9- "Altay biraz daha içerde"

282 29 22
                                    

Ferdi'den√

Kerem telefonu kapattıktan sonra koşarak çıktım, arabanın anahtarı hep cebimde olduğundan rahatça arabaya binmiştim. Aklıma telefonum gelince ellerimi hızlıca ceplerimde gezdirmiş etrafıma bakmıştım. Telefonum evde kalmıştı..

"Ben tam bir gerizekalıyım ya."

Kendi kendime söylenmeye devam ederken evin anahtarlarını da içeride unuttuğumu fark ettim. Bu mallığıma karşılık alnımı direksiyona vurdum iki kez.

"Ben ne mal adamım amına koyayım."

"Ferdi abi? İyi misin? Ne oldu?"

Arda'nın sesini duyunca kafamı kaldırdım. Ne diyeceğimi bilmediğim için ağızım açık Arda'ya bakıyordum.

"Abi iyi misin?"

Endişeli gözlerini gördüğümde aklıma gelen ilk soruyu sordum.

"İyiyim iyiyim, sen nereye gidiyorsun?"

"Kerem abim ayağını incitmiş Mert abi söyledi.
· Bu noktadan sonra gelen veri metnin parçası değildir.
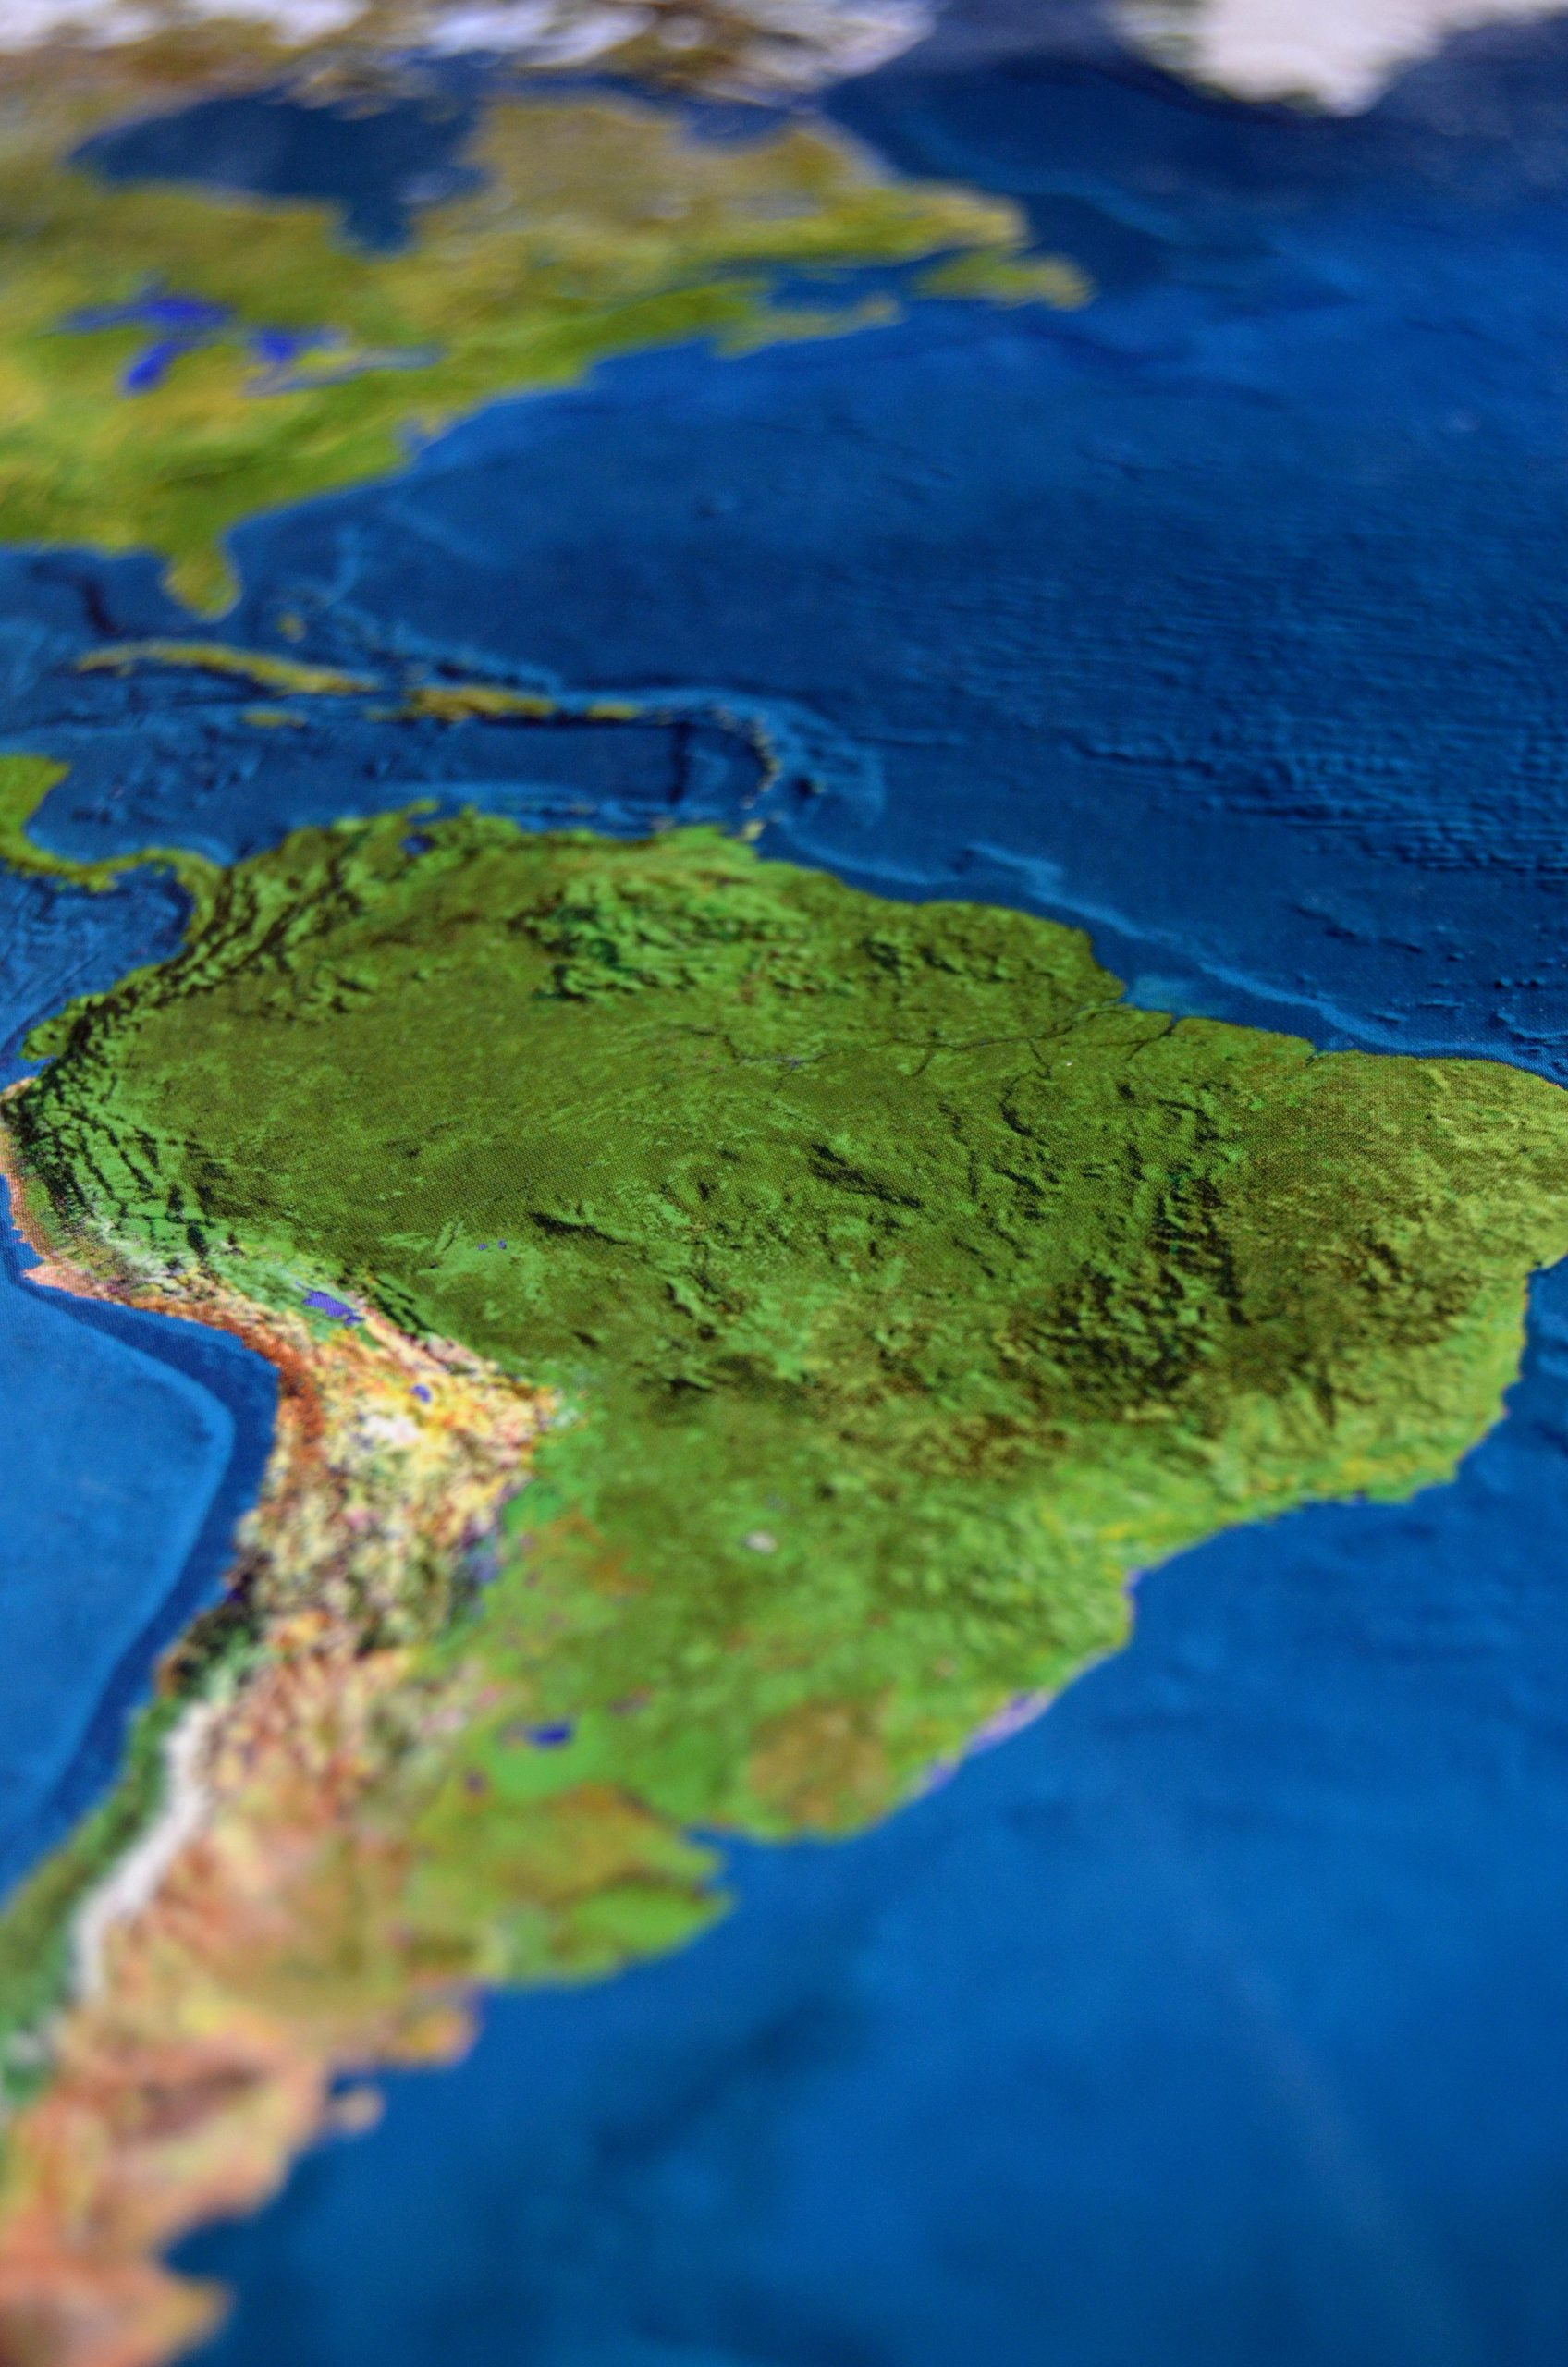 Envíos internacionales a latinoamérica

Onu görmeye gidecektim."

Bir süre düşündüm onu da götürsem mi diye, daha sonra başımla yan tarafını işaret ederek konuştum.

"Bende oraya gidiyordum, gel beraber gidelim."

"Teşekkür ederim abii."

"Rica ederim Arda."

Hay abine.

Arda da yan tarafıma oturduğunda arabayı çalıştırdım. Yolda giderken arada Arda'ya bakıyordum, o ise sadece yolu izliyordu. Altay'ın başına gelenleri o bilmediği için çok şaşıracaktı ve yaşı da küçük olduğundan önden söylemem gerekiyor. Yani bence söylemem daha mantıklı.

"Arda sana bir şey diyeceğim ama aramızda kalacak. Tamam mı?"

Bakışlarının bana döndüğü hissettiğimde kısaca bende ona baktım ciddi bir şey olduğunu anlaması için.

"Altay abini biliyorsun, son zamanlarda farklı davranıyor."

"Evet, bizimlede pek takılmıyor artık."

"Ne tepki vereceğini tahmin edebiliyorum ama sakin olmanı istiyorum. Altay uyuşturucu bağımlısı oldu ve bizde Kerem ile onu kurtarmaya çalışıyoruz. Kerem ise onu kullanmaması için oyalarken Altay bayılmış."

"Ne?"

Yine Arda'ya hızlıca bakıp tekrar önüme döndüm, yüzündeki ifade korku değil daha çok abisi için endişelenme ifadesiydi.

"Ama düzelteceğiz. Her şey yoluna girecek.."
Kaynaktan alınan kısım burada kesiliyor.